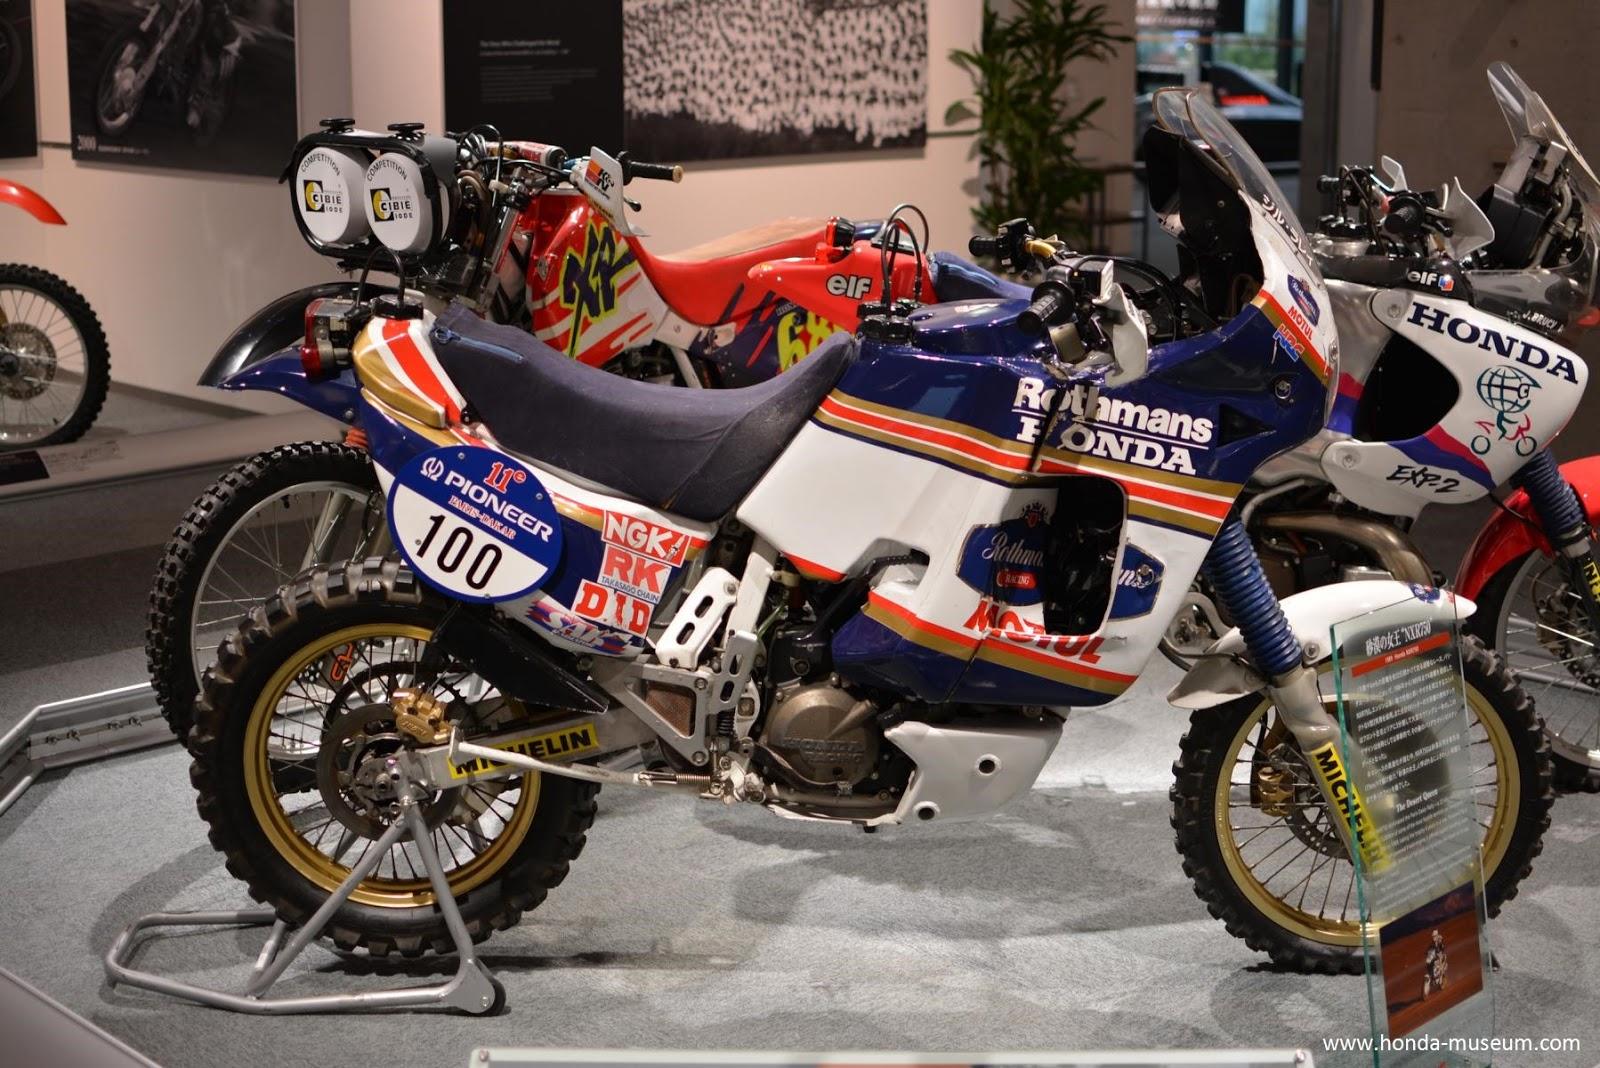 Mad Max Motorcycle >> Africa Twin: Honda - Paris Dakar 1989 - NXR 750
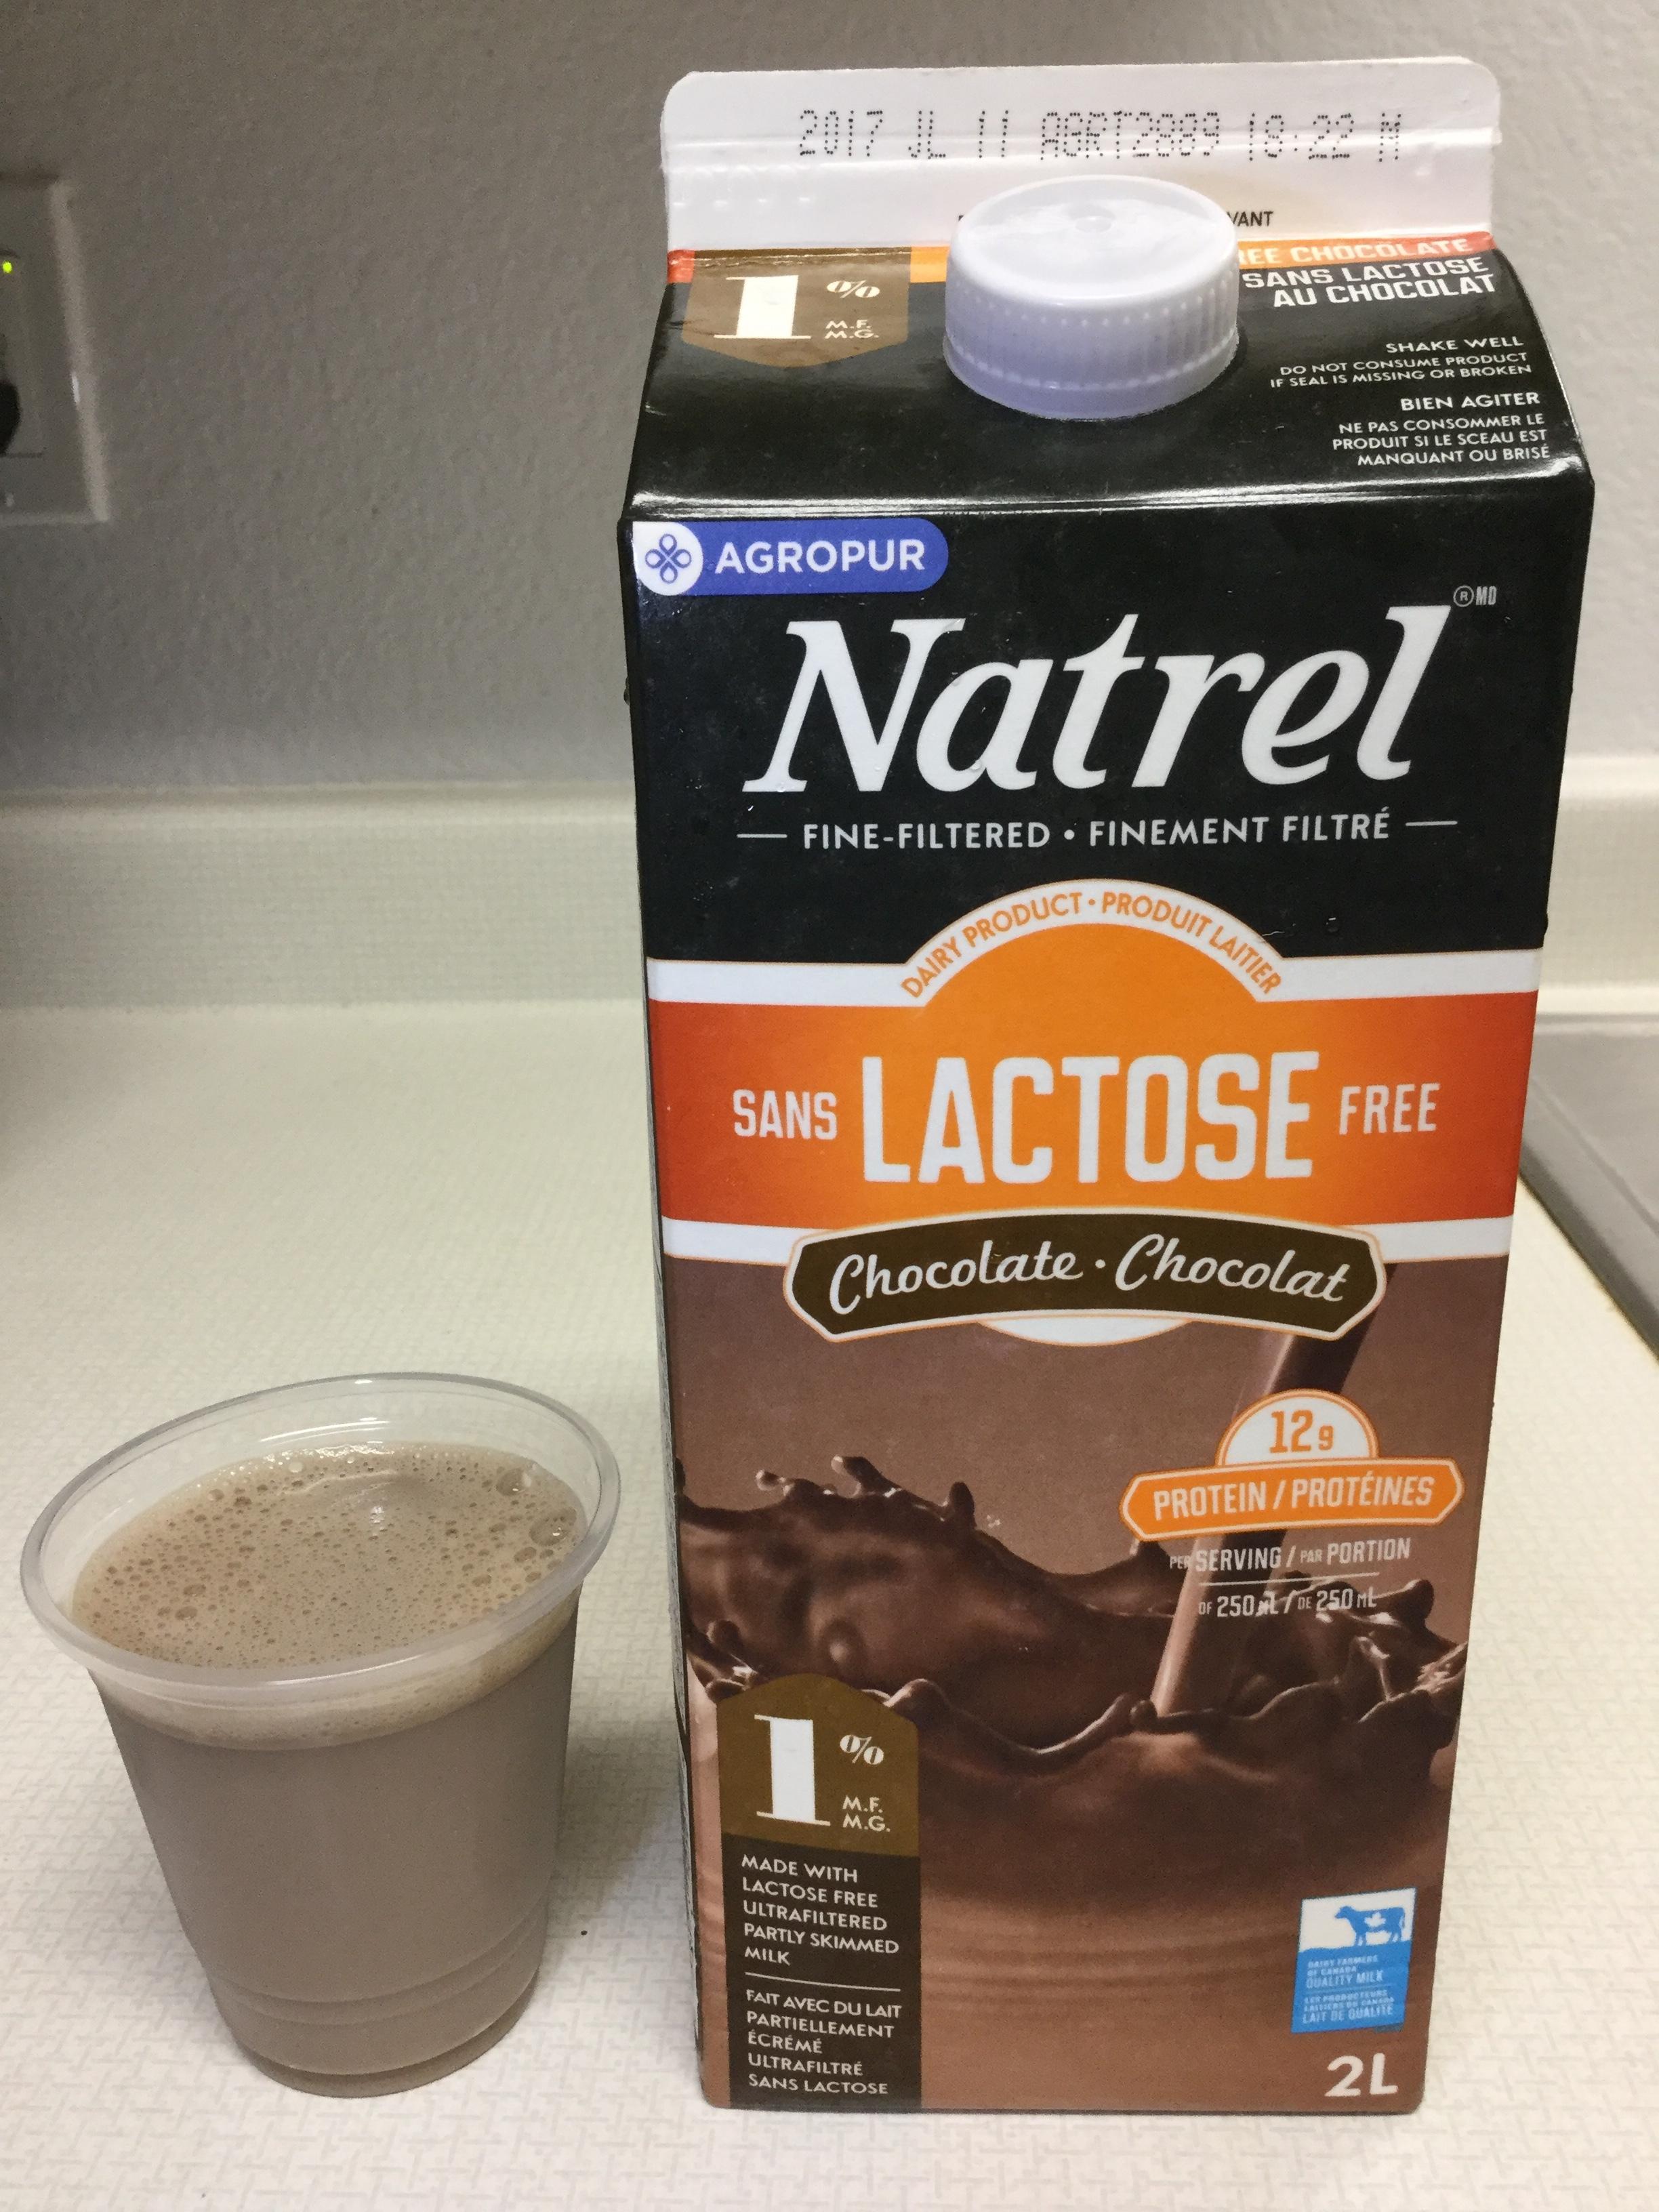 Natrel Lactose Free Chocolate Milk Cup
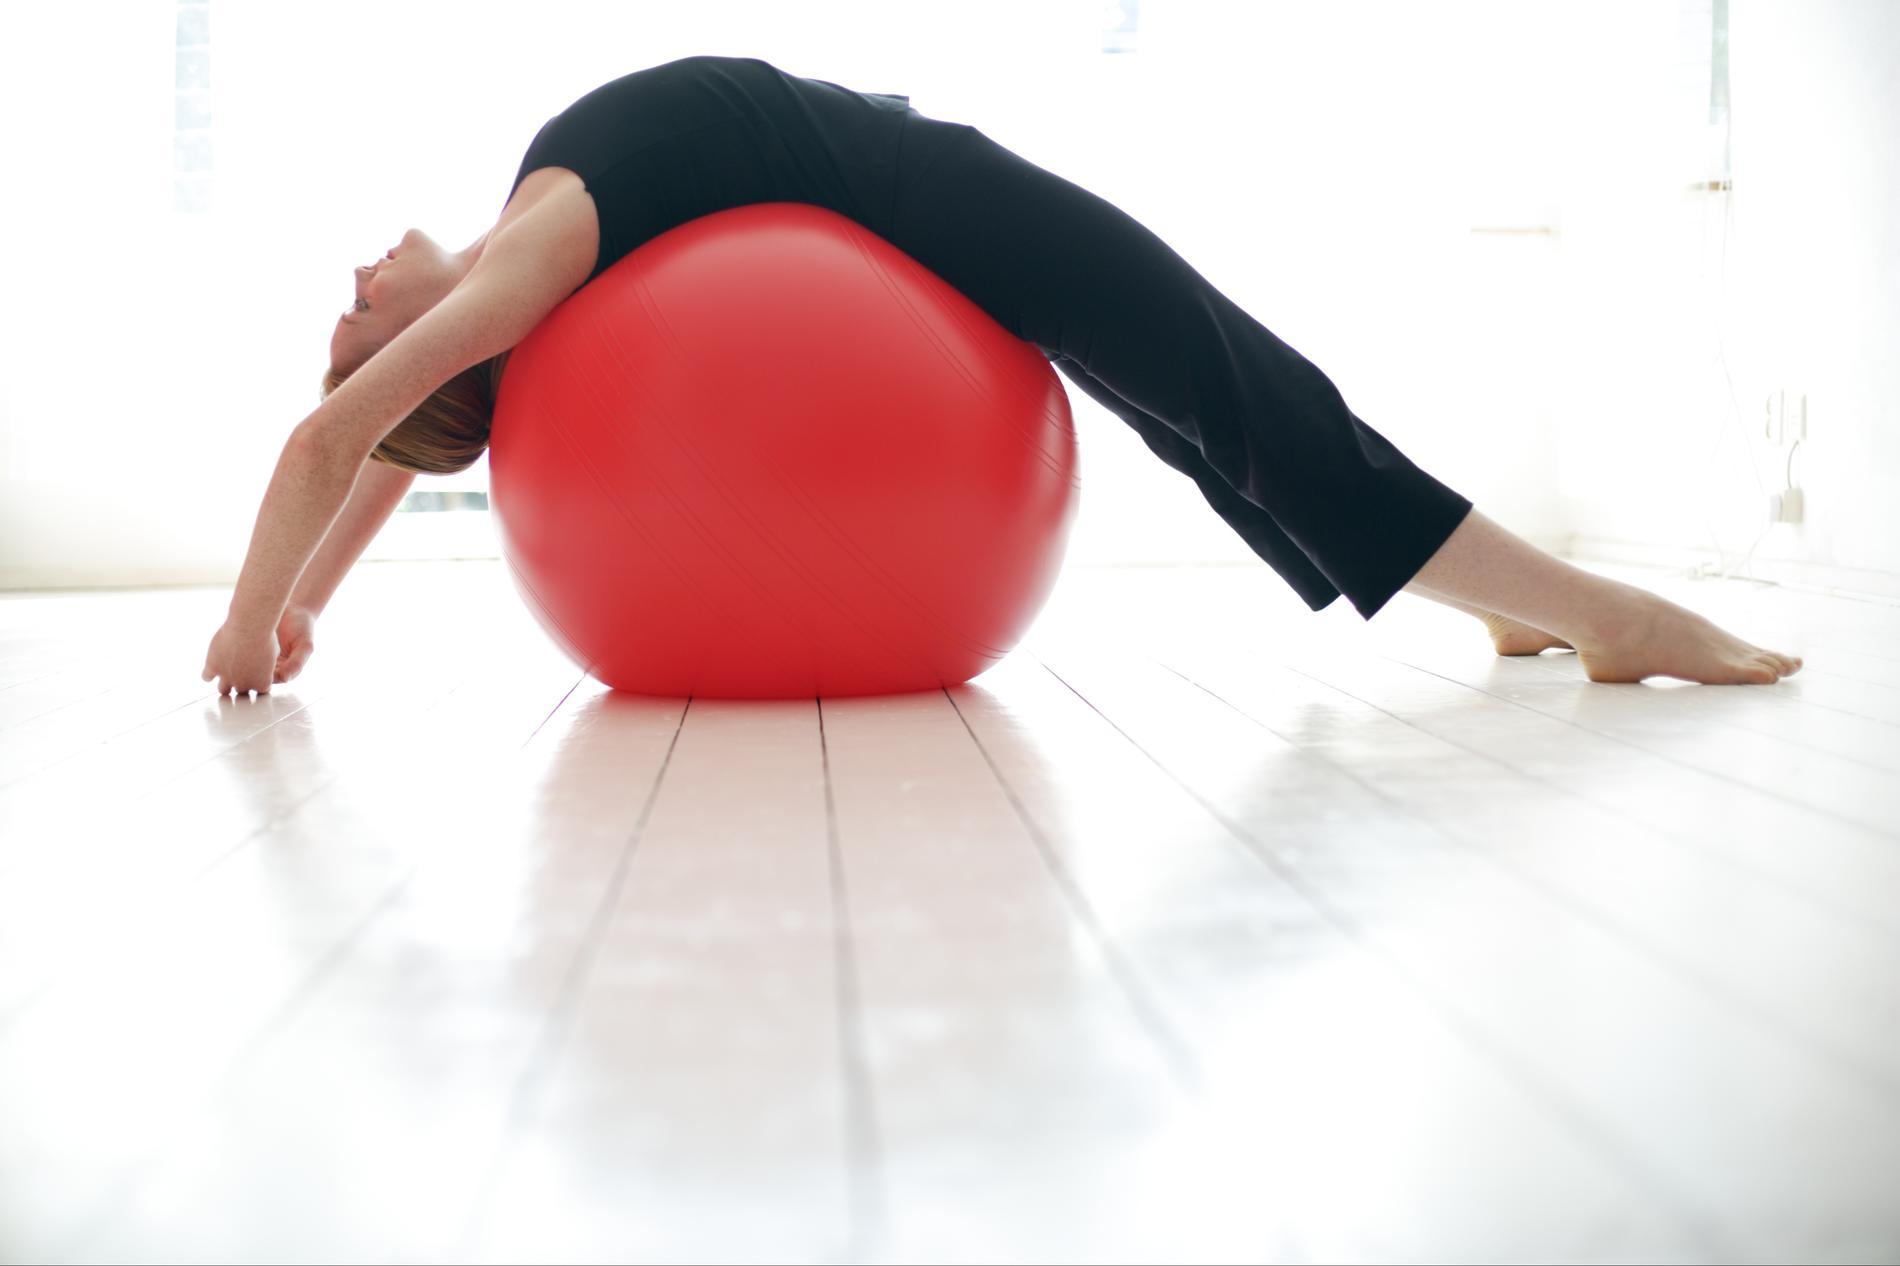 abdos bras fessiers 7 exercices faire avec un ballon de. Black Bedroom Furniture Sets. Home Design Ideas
* * *
Aim of the exercise: Before copying the data, remove the pictures. Then repeat the rest exactly.

Response to the exercise:
 Mad Max Motorcycle >> Africa Twin: Honda - Paris Dakar 1989 - NXR 750
 Natrel Lactose Free Chocolate Milk Cup
 abdos bras fessiers 7 exercices faire avec un ballon de. Black Bedroom Furniture Sets. Home Design Ideas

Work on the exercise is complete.